Digimon: The Movie

EntertainmentMoviesSoraJapanJules VerneAnimation (genre)Gaming

Friday October 6, 2000

     Like goblins in the forest or the Man in the Moon, the TV-generated phenomenon of "Digimon"--a.k.a. Digital Monsters--makes a certain amount of sense. The mythologizing of the unknown is a timeless human impulse, whether the content involves sea monsters, Martians or, now, cuddly bomb-breathing creatures spawned by the Internet.
     If a fairy tale, however high-tech or improbable, can help kids wrap their heads around the vastness of cyberspace, it hardly seems either insidious or particularly novel.
     On the other hand, it seems unlikely that Homer, the Grimm brothers or Jules Verne had a line of action figures to promote. "Digimon: The Movie," of course, does. And the only unknown that seems of any concern to 20th Century Fox is how many millions can be tempted out of its 5-to-10-year-old audience before this particular fad expires.
     A few, we expect. Add what they saved on the lackluster animation and it should amount to a tidy profit. Granted, "Digimon: The Movie" is, and should be, of interest only to those who love the show; rather than watch, parents might want to take up smoking, so they'll have an excuse to wait outside.
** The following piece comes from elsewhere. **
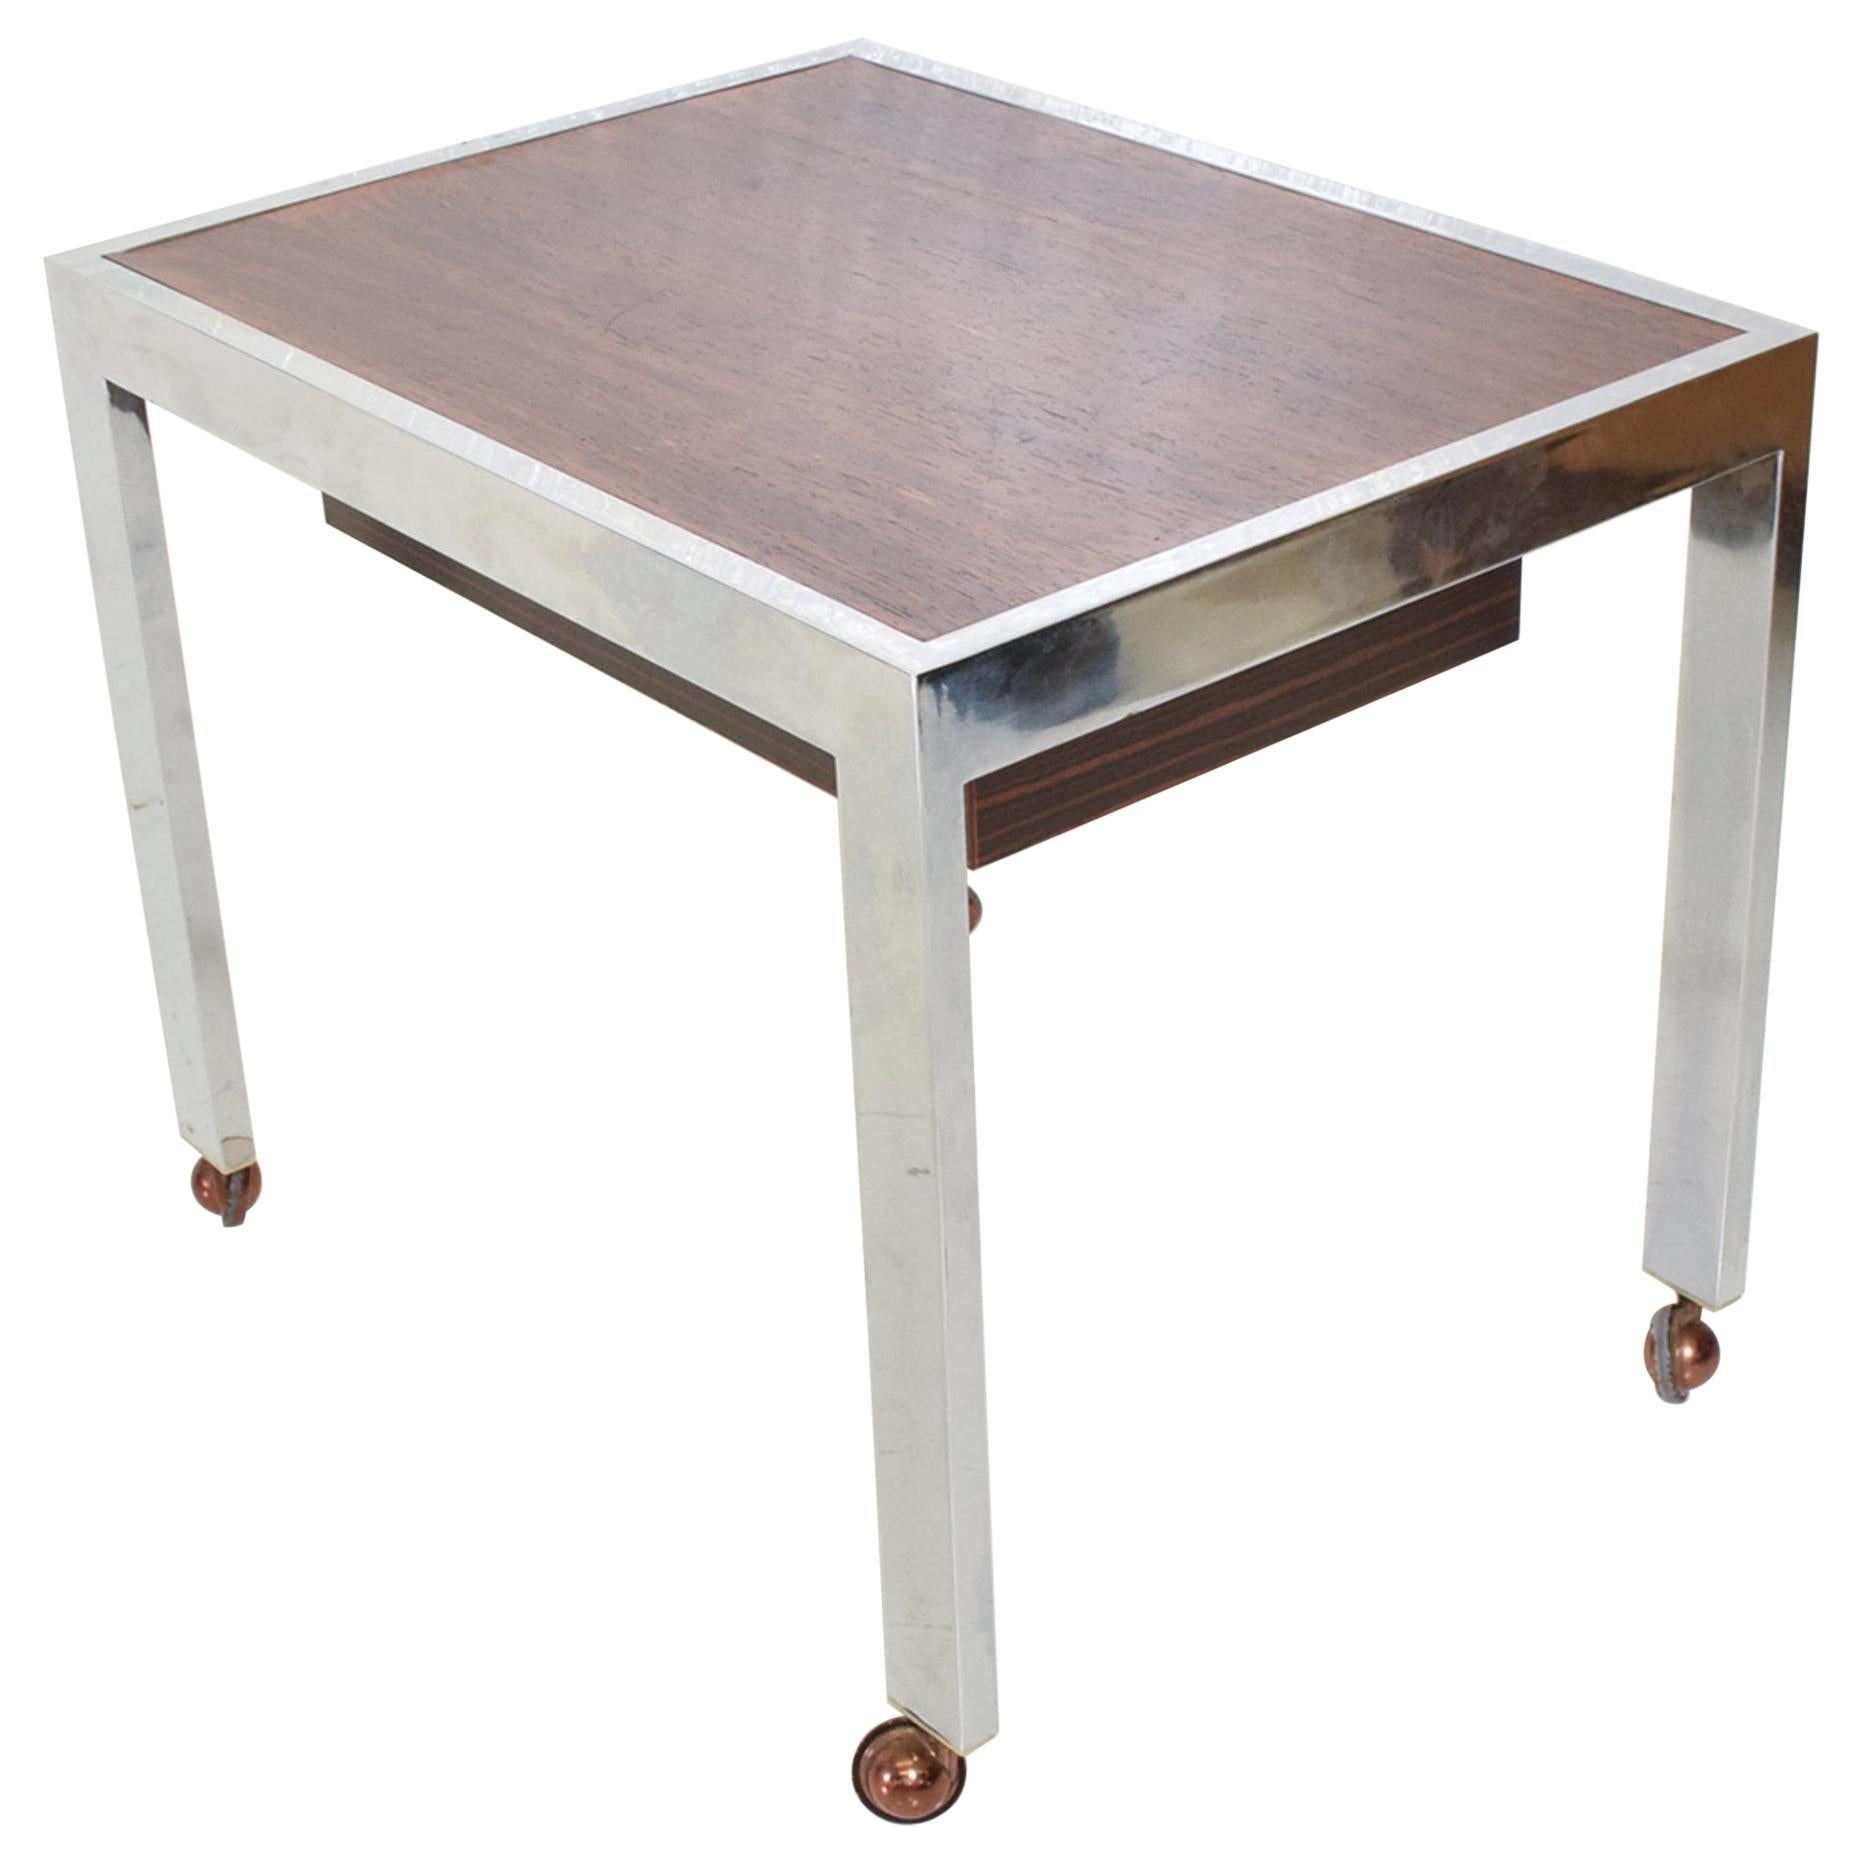 Sleek Rosewood & Chrome Rectangular Side Table on Rolling Casters 1960s Modern

At any rate, the filmmakers could have made it look a little better than this.
     The story begins by flashing back eight years, to the virtual infancy of both the World Wide Web and Tai, the leader of the "DigiDestined," the group of kids including Sora, Matt, Izzy and Joe who are attuned to the evil potential of the DigiWorld. "Sometimes," one says, "you've got to save the world." (If you smell a little "Paradise Lost" in all this, you're not far off.)
     The gist of the story line is the birth on the Internet of a new, dangerous digimon, which consumes computer data at an alarming rate and even manages to launch U.S. nuclear warheads and aim them at Japan. (The fact that this is a mostly Japanese production shouldn't be lost on anyone.) Viruses are involved. So are Tai's mother's health-food concoctions (liver sticks, beef jerky shakes, potato juice).
     Do justice and virtue prevail? Duh. It's an awfully confusing journey, unless you're of pro-Digi-ous intelligence. Or a digimaniac. Or just 6.
     A word of caution: The "prelude" that runs before "Digimon: The Movie"--in essence, a commercial for the movie you've already paid to see--is thoroughly obnoxious, promoting elitist, consumerist and anti-intellectual behavior among children who, considering all of their other influences, don't need any help. In other words, if you're late for the show, don't sweat it.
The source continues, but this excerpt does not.